Maar het lijkt me niet dat Johannes het vreemde tussenzinnetje geschreven heeft om reden te geven aan de spoedige begrafenis, noch om bijvoorbeeld kalender-technische redenen, omdat de sabbat ditmaal toevallig op die en die dag viel (zie Ridderbos). Wil de evangelist met de grote sabbat niet opnieuw en voor de zoveelste keer aangeven dat het (Joodse) Paasfeest en de kruisiging en opstanding van Jezus als hetzelfde verstaan moeten worden? Als wezenlijk op elkaar betrokken? Alles wijst daar op. Zo vinden ‘kruis en opstanding’ natuurlijk niet toevallig plaats tijdens (of vlak voor) het grote feest. En zo worden Jezus’ benen niet gebroken, opdat het Schriftwoord vervuld zou worden dat met het Pascha geen been gebroken zou worden (Ex. 12: 46) én is de dag van die sabbat groot, daar het volbracht was.

Daar rustte Hij, aan de avond van die dag, de laatste der week, aan de avond van zijn leven, aan de avond van de wereld. Daar rustte Hij van al het werk dat Hij rondgaande, dienende en sprekende gedaan had (vgl. Gen. 2: 2-3). Hij heeft zichzelf geheel gegeven, alles gedaan voor al de zijnen.

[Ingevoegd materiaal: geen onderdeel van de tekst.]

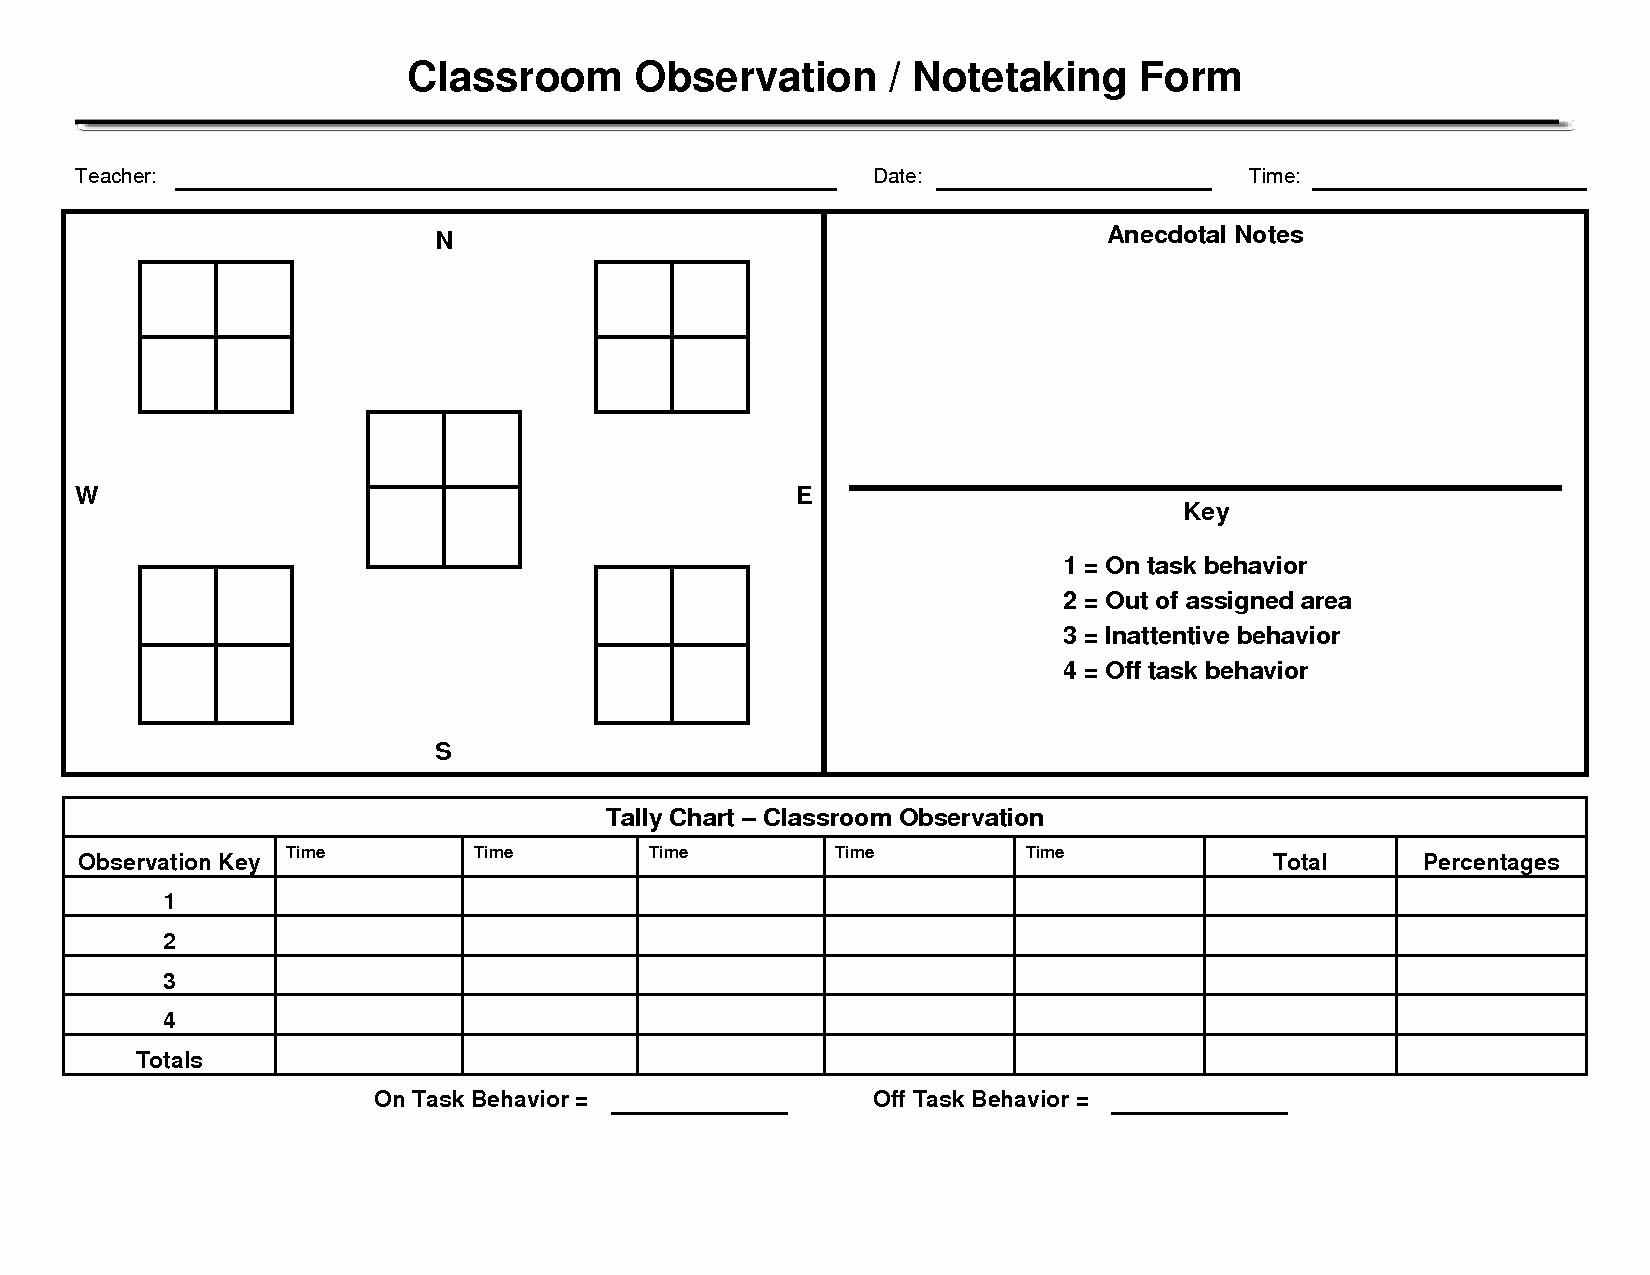 Seating Charts Templates for Classrooms Unique Seating Chart Template for Classroom

Ach, ik zeg hier niets nieuws. Zijn het geen bekende theologenweetjes, over de sabbat en de grote sabbat, over Pèsach en Pasen? Bovendien: de evangelist zelf laat er toch eigenlijk al geen misverstand over bestaan dat Pasen en Pasen één is; dat lam en Lam, Israël en Jezus voor elkaar staan en elkaar ‘betekenen’. Zo ook sabbat en Sabbat, einde en begin, sterven en leven, gericht en vrijspraak. Is Pasen niet het voorbijgaan, het dóórgaan, naar de nieuwe morgen?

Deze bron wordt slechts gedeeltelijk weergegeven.